Search code examples
linuxdockerscalaapache-sparkapache-zeppelin

Connection from local machine installed Zeppelin to Docker Spark cluster


I am trying to configure Spark interpreter on a local machine installed Zeppelin version 0.10.0 so that I can run scripts on a Spark cluster created also local on Docker. I am using docker-compose.yml from https://github.com/big-data-europe/docker-spark and Spark version 3.1.2.
After docker compose-up, I can see in the browser spark-master on localhost:8080 and History Server on localhost:18081. After reading the ID of the spark-master container, I can also run shell and spark-shell on it (docker exec -it xxxxxxxxxxxx /bin/bash).
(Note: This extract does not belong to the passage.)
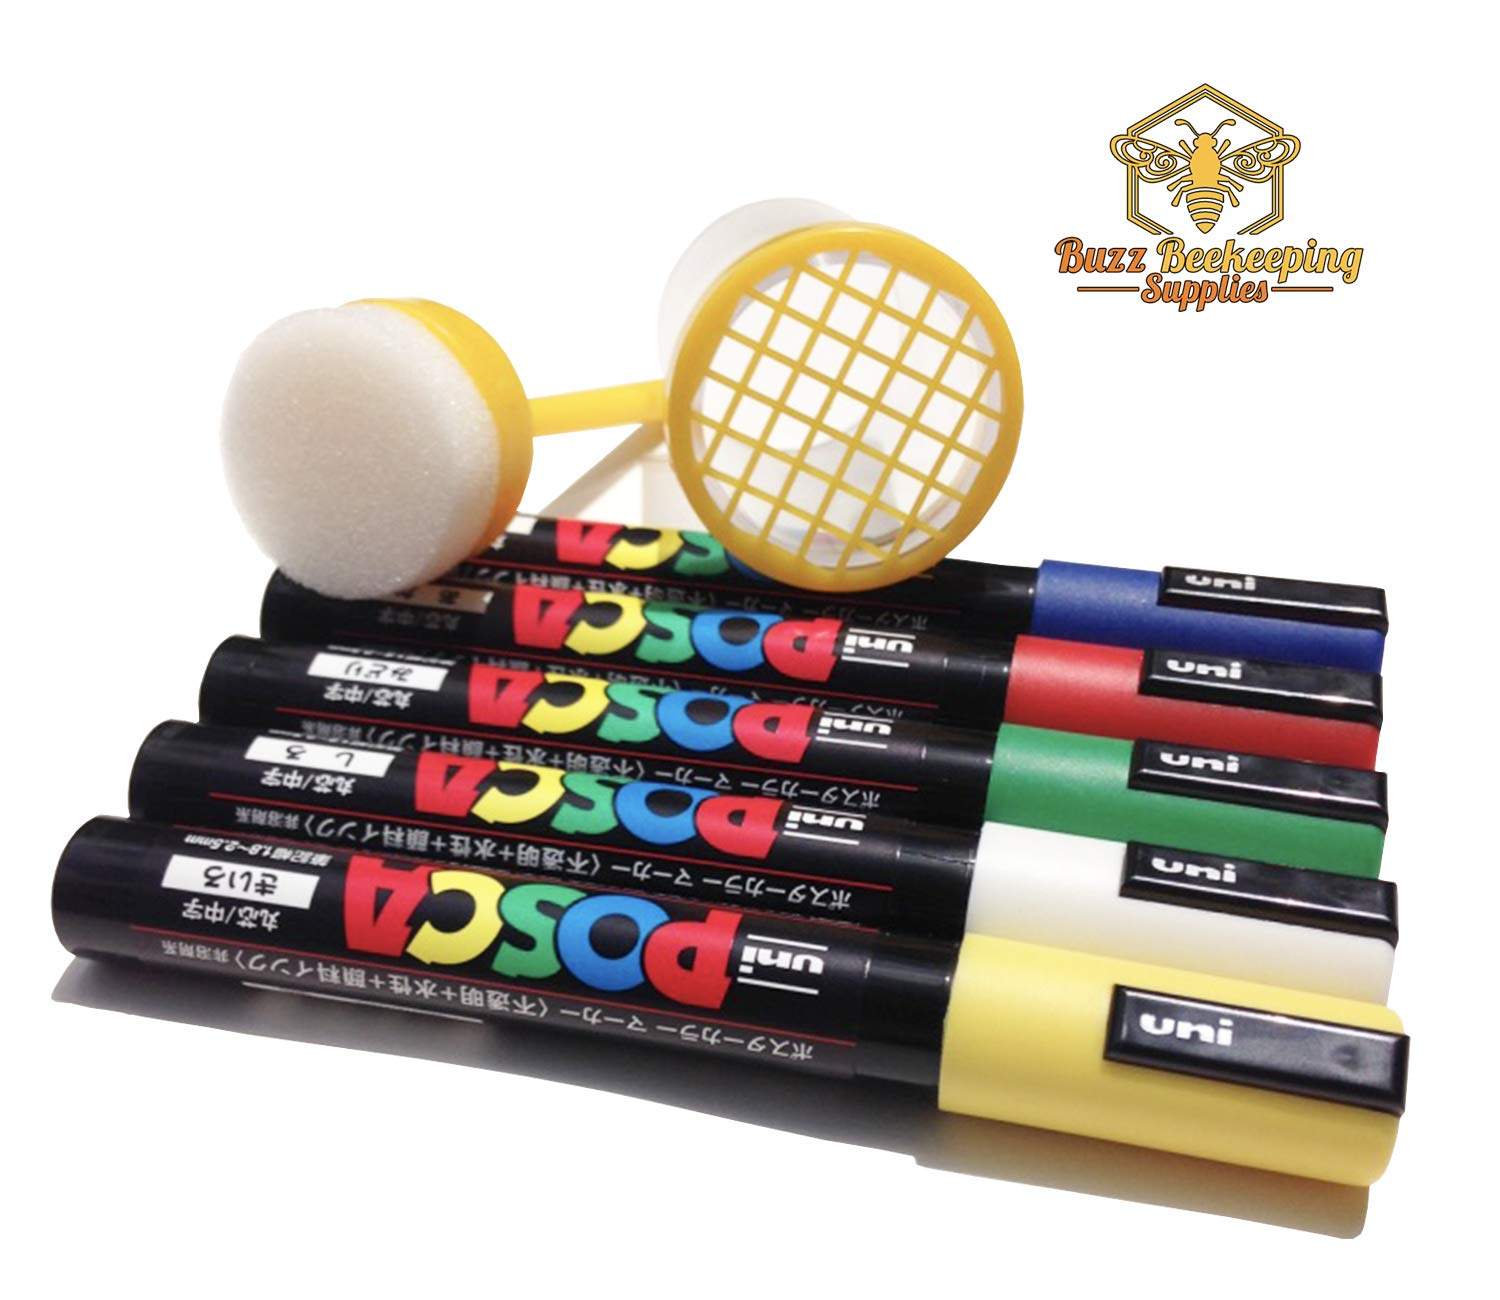 Uni Posca White Posca Water Based, Non Toxic Paint Pen Marker For Marking  Queen Bees Safely With A White Dot

As host OS I am using Ubuntu 20.04, the spark.master in Zeppelin is set now to spark://localhost:7077, zeppelin.server.port in zeppelin-site.xml to 8070.
There is a lot of information about connecting a container running Zeppelin or running both Spark and Zeppelin in the same container but unfortunately I also use that Zeppelin to connect to the Hive via jdbc on VirtualBox Hortonworks cluster like in one of my previous posts and I wouldn't want to change that configuration now due to hardware resources. In one of the posts (Running zeppelin on spark cluster mode) I saw that such a connection is possible, unfortunately all attempts end with the "Fail to open SparkInterpreter" message.
I would be grateful for any tips.


Solution

  • You need to change the spark.master in Zeppelin to point to the spark master in the docker container not the local machine. Hence spark://localhost:7077 won't work.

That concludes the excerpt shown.